Earlier today, Dan Webb published an article entitled Integrity First: Keep the Compromise. In this article he lays out the backstory and rationale for a compromise plan that would ensure a Gubernatorial Convention in 2017. This weekend, the SCC is poised to renege on that compromise and vote in favor of a primary.
Whether you support primaries or conventions is immaterial. I myself have mixed feelings on these processes and have written about their pros and cons. This is about preventing a full scale civil war within the Republican Party of Virginia. Yes, it is true that conservatives tend to prefer conventions and moderates tend to prefer primaries. Therefore it is understandable that if moderates control the SCC we’ll have primaries and if conservatives control the SCC we’ll have conventions.

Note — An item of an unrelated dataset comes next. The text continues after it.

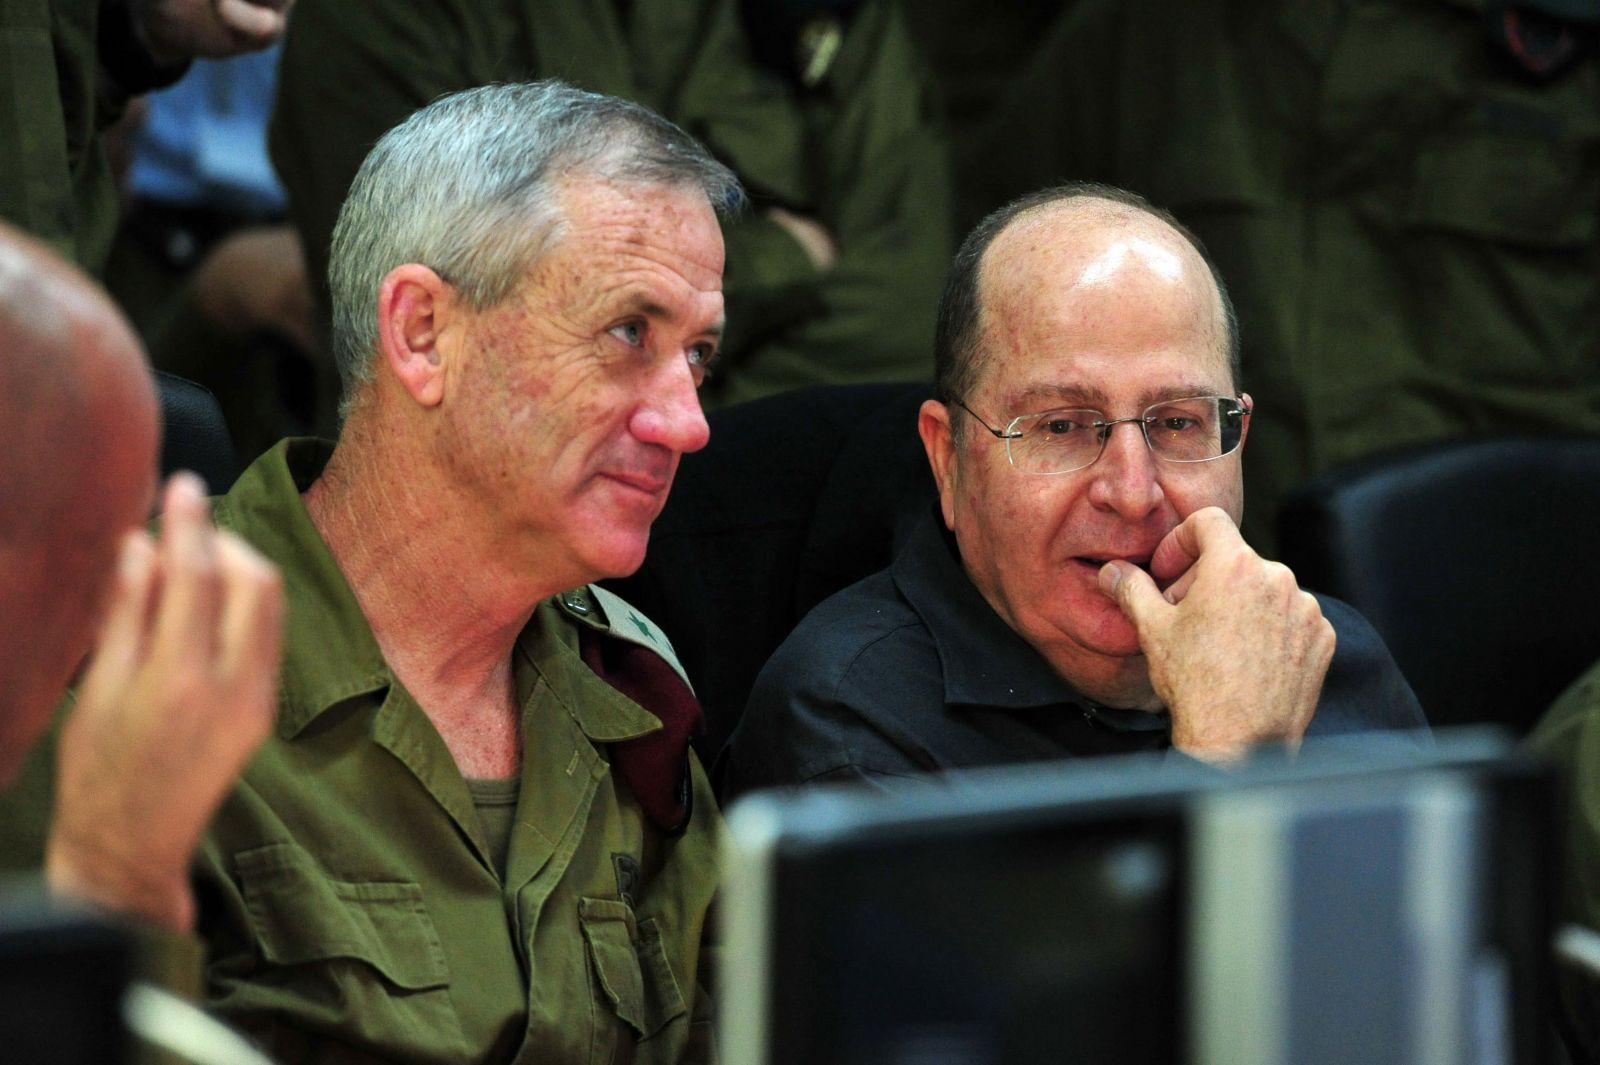 """שר הביטחון משה יעלון והרמטכ""""ל בני גנץ עוקבים אחר ההשתלטות על אוניית הנשק קלוז-סי (צילום: אריאל חרמוני, משרד הביטחון)"""
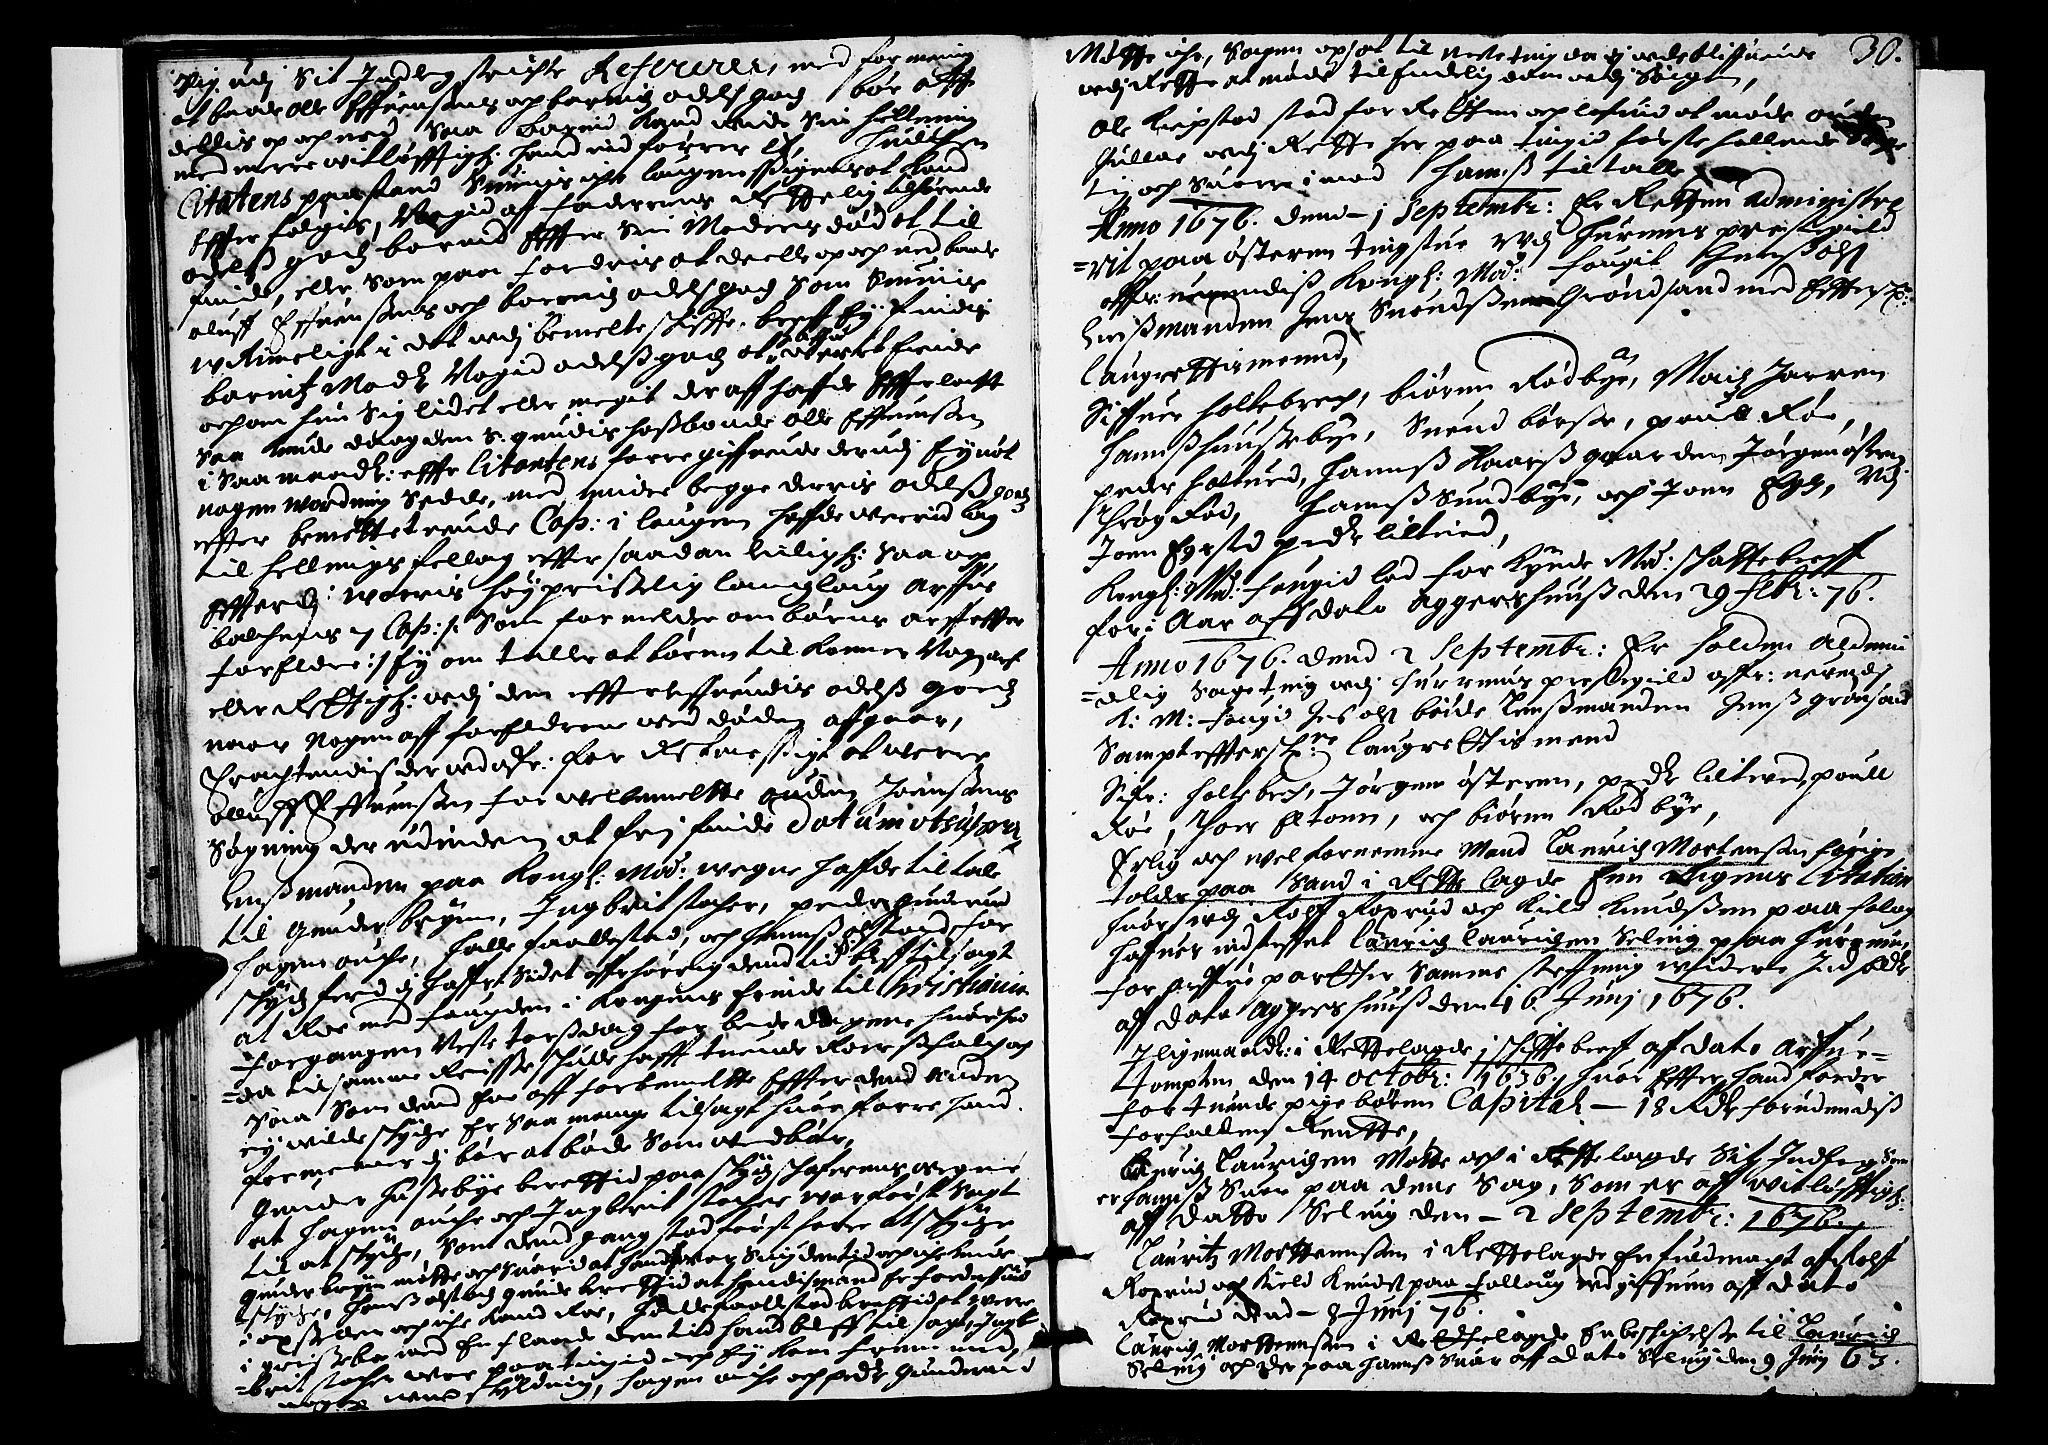 SAKO, Lier, Røyken og Hurum sorenskriveri, F/Fa/L0017: Tingbok, 1676, s. 30

Fine. However, conservatives, who are just as active and contributory to the Republican Party of Virginia as any other faction, have been laboring under the agreement that the Governors primary would be a convention. It was an olive branch extended to unify the party. Reneging on this agreement will certainly tear it asunder.
There are many pro-convention conservatives, populists, and alt-right (whatever that is) folks with whom I disagree on a great plethora of issues, but this is not about Sharks and Jets and one side of the party against the other. If future SCC’s, absent agreed upon compromises, decide to support primaries, I will happily accept their decision. If the State Legislature decided to institute party registration in the Commonwealth, I would even more happily accept that decision. The decision the SCC makes this coming Saturday will determine if we have one Republican Party or two.
While proponents of primaries may understand that voting on primaries before the election could destroy Trump’s chances of winning Virginia, waiting until after the election won’t make matters any better. This Saturday, the SCC can vote for a convention or we can anticipate years of rancorous antipathy.
“Party Unity” is a tenuous and fragile thing. It requires men and women of character on both sides of the divide to carefully consider compromise, open to trusting that the other side will behave with the same level of decorum and integrity. I am fully aware that neither side has much reason to trust the other and that lapses in integrity are not simply the condition of moderates. I do not wish to hate or personally dislike anyone in the Republican Party and I feel that compromise is healthy and important. This is not, after all, the Republican Party of Steven Brodie Tucker. This is the Republican Party of Virginia.
Renege on this deal, however, and there will be hell to pay.
First, public opinion is that primaries favor Ed Gillespie, who is an incredibly kind, intelligent, and skillful potential politician. He has successfully reached out to conservatives, to the TEA Party, and to hundreds of invested Republican activists across the Commonwealth. If the SCC goes back on their word, large minorities of Republicans will view this as “a dirty trick” to help Gillespie (who, if we’re honest, doesn’t require the aid of the SCC). For an entire year we will listen to wave after wave of complaint that Mike Thomas and Ed Gillespie subverted the will of the people and stole the election. This will spill over into other campaigns with other candidates tied to organizations connected to Thomas and Gillespie.
The divisions in the Republican Party will deepen and activists on both sides will become more entrenched and intransigent. Which begs the question – what the hell are they thinking? If the SCC delays the vote or if the SCC votes for a primary, I will of course participate and will, of course, happily support the nominee, but I’ll also support any opposition to any SCC member that votes for a primary in future elections in any and every district in the Commonwealth. Truthfully, my attitude is the least tense, the least problematic for the party. It’s the thousands of Republicans who will stay home in 2017, ruining the chances of our Lieutenant Governor and Attorney General nominees, that represent the real consequence and danger of this decision.
I just wrote an article aimed at fervent Donald Trump supporters, asking them to build bridges with the rest of the party instead of burning those bridges to the ground. So tonight, I ask the State Central Committee to do the same. Honor your agreements. Like William Wallace said to Robert “The Bruce” in Braveheart, “Unite Us! Unite the Clans!”.
At this point, truly, we have no other option. It’s convention or chaos. Let the SCC decide.